What happens after mass vaccination boils down to trust, for everything. Can I trust my coworkers and employees to follow safety practices when I am not looking? Can I trust friends to be vaccinated? Can I be certain that a shop I enter will be safe to enter, and is it worth the risk to spend money in that shop instead of buying online? The same goes for restaurants too. For some shops in town, that trust is gone completely and they have permanently lost me as a customer. Some businesses lost me because their employees did not wear masks. Some businesses lost me because they protested the masks, or violated state law by remaining open or by holding indoor dining service. Some businesses lost me because they repeatedly had employees getting sick with COVID, an indicator that the business does not follow safe practices. How can I be sure that a business will not have roaches in the kitchen or properly stored and cooked food, if they can't be bothered with giving cheap cloth masks to their employees?
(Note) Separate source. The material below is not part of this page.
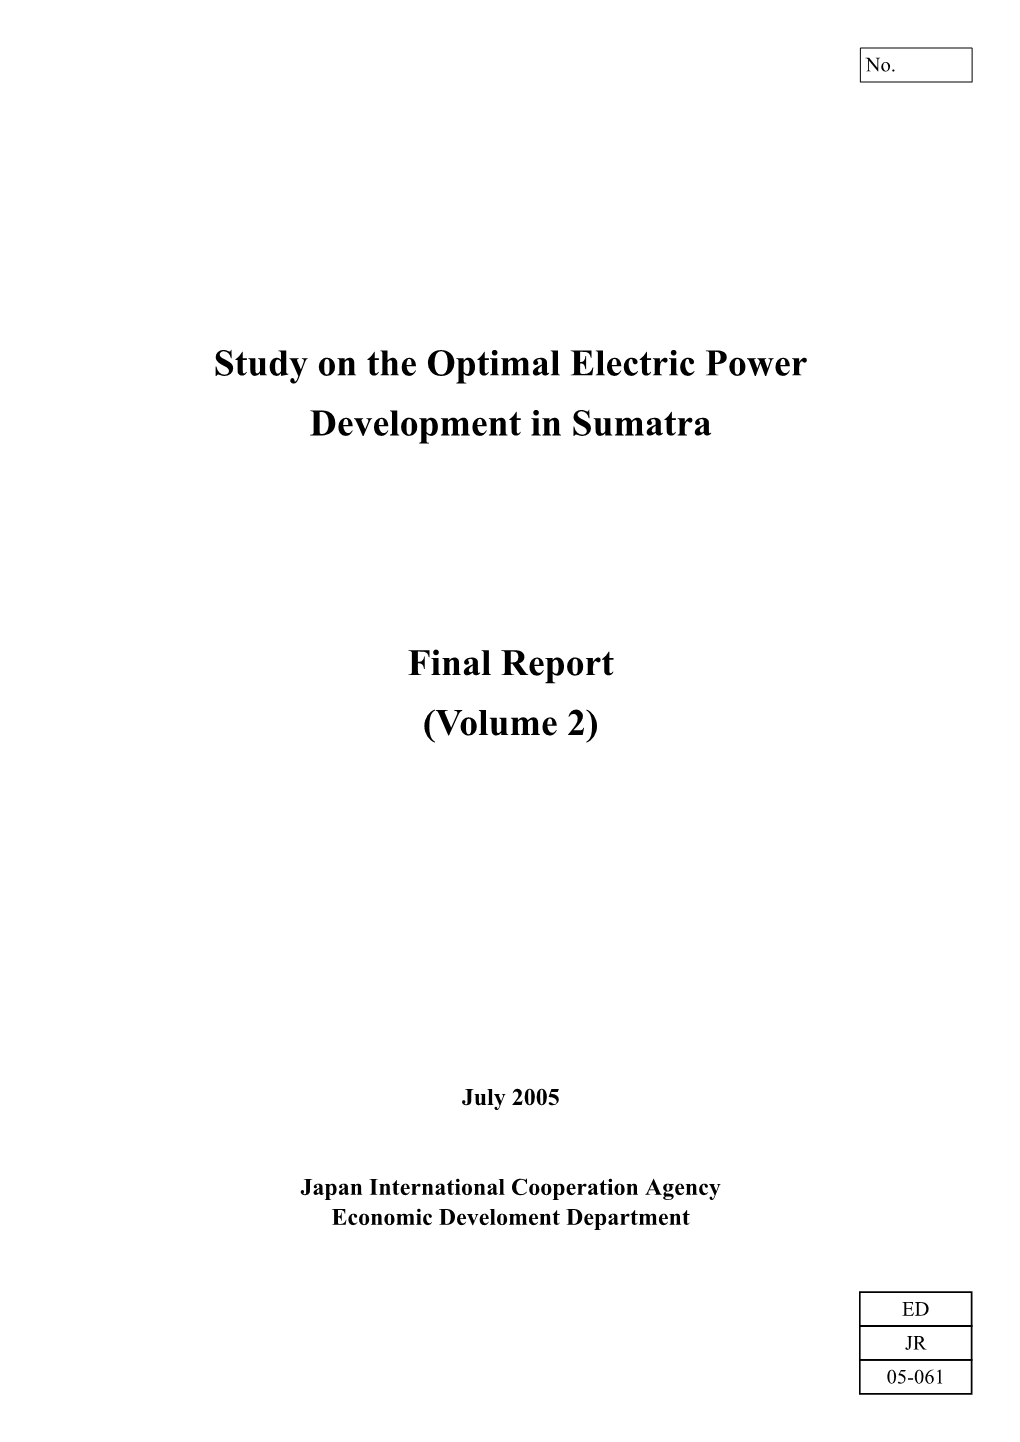 Study on the Optimal Electric Power Development in Sumatra Final Report
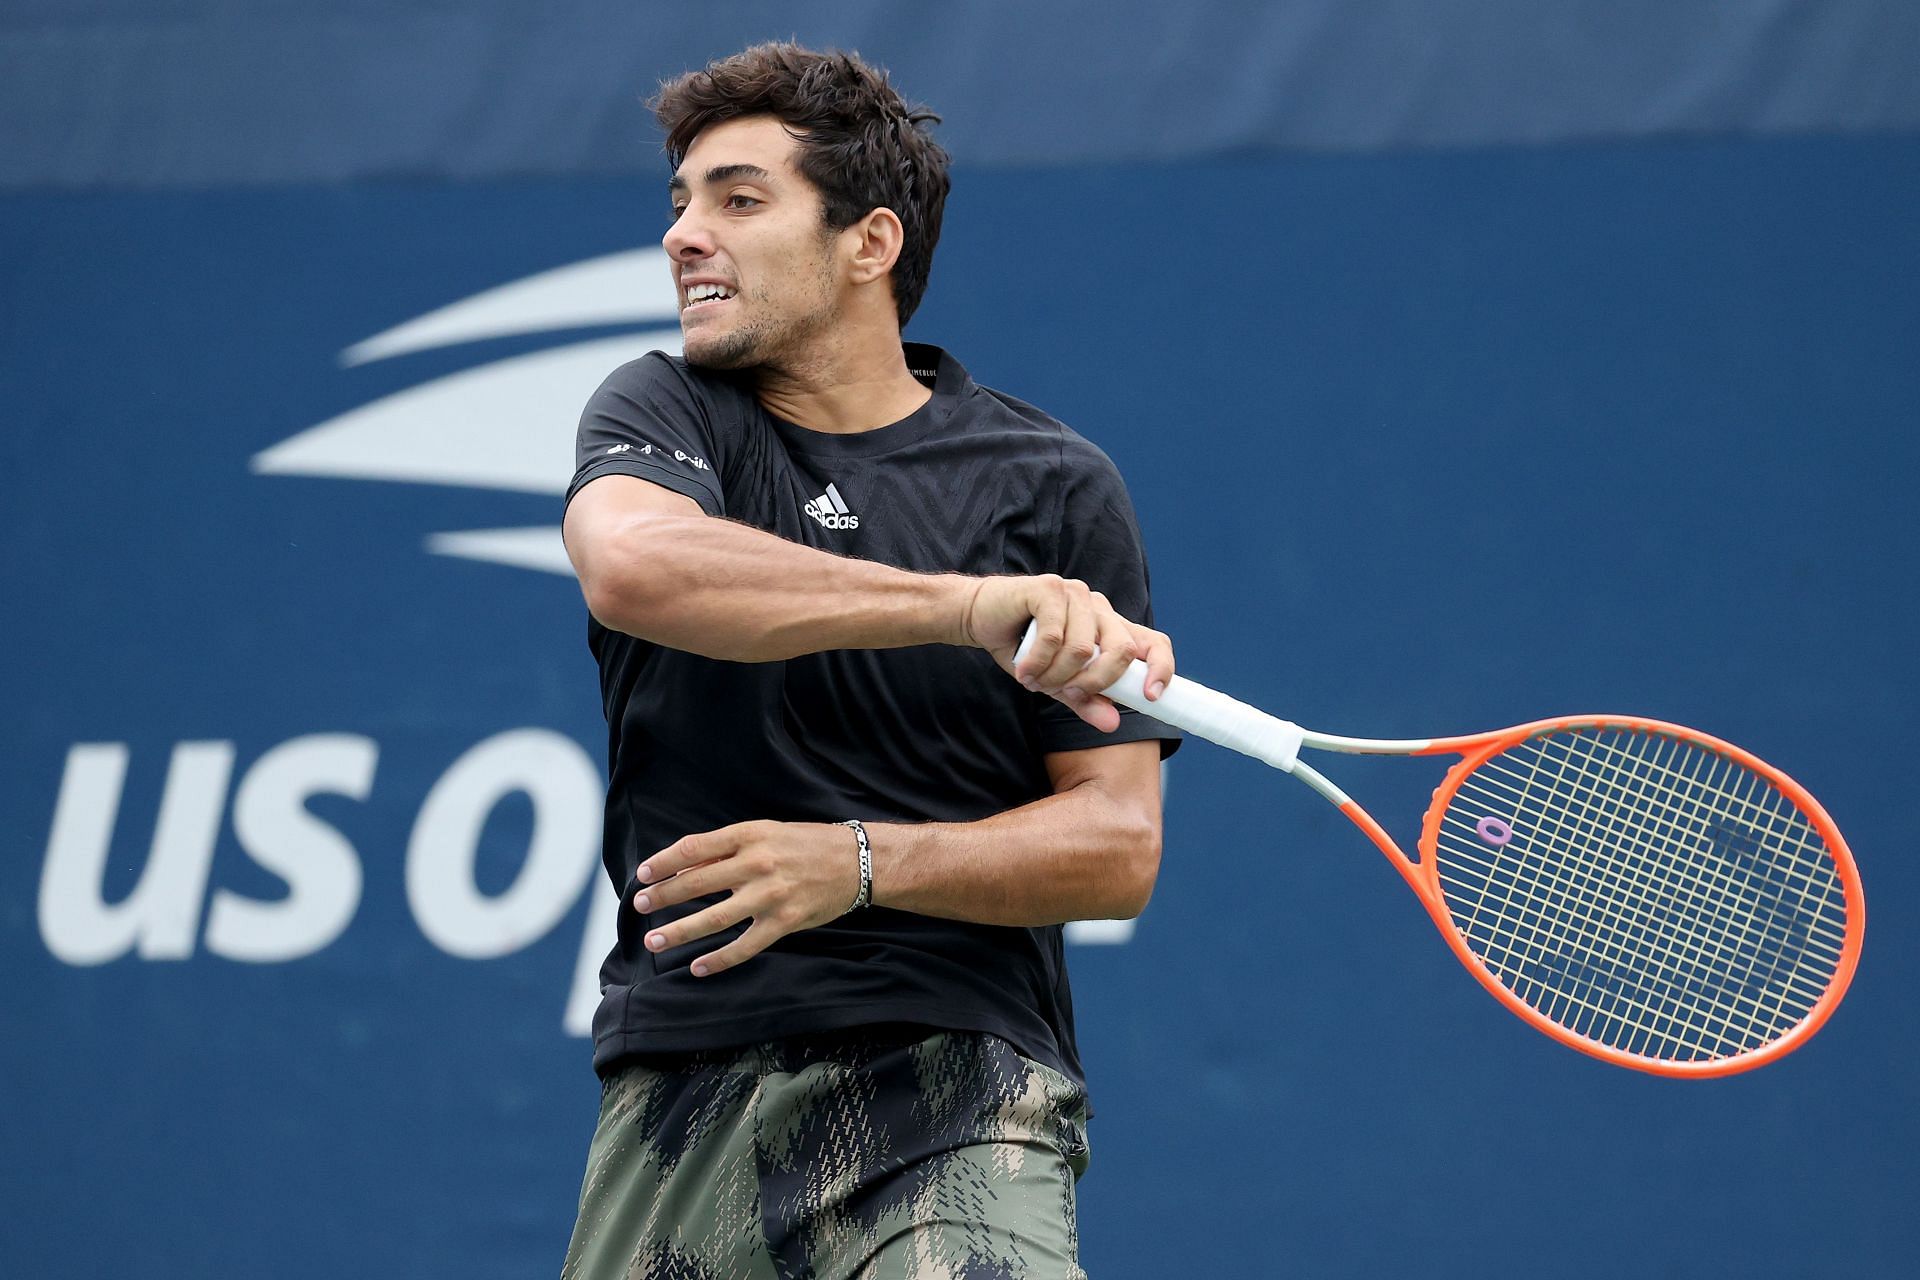 The Chilean at the 2021 US Open

The same concern applies to the forts. With one fort, I would have no qualms about returning for events. I dropped off sutler-row gear at a few forts this summer as I had better replacements. One fort had employees wearing masks inside and outside, and a volunteer in uniform was wandering around with a silk handkerchief as a mask; they were fine with me leaving the gear in the back of a fort pickup truck parked by the entrance. Another fort featured employees taking masks on and off depending on how close they were to visitors; they tried to get me to go inside the visitor center to drop off the gear. And not just for COVID, but for the flu, for colds, for the unnamed bugs that always travel through towns. Is it safe to handle and tear a cartridge rolled by a park ranger or someone in the group? Is it safe to eat food prepared by someone else? Is it safe to drill with others? Can I trust the park rangers and event hosts? I know I have looked at event sanitation issues from a volunteer perspective, and made judgment calls to either bail out or continue. But after a year of pandemic, of widespread deaths, I do not think I can continue to idly watch anymore. Will event hosts make policy and procedure changes, or will they simply try to resume the pre-pandemic ways? If forts and groups treat 2020 and 2021 as just bad memories to forget, and not as wake-up calls, should I have any future interactions with those forts and groups?
Or are these just the dreary thoughts of someone going through seasonal affective disorder?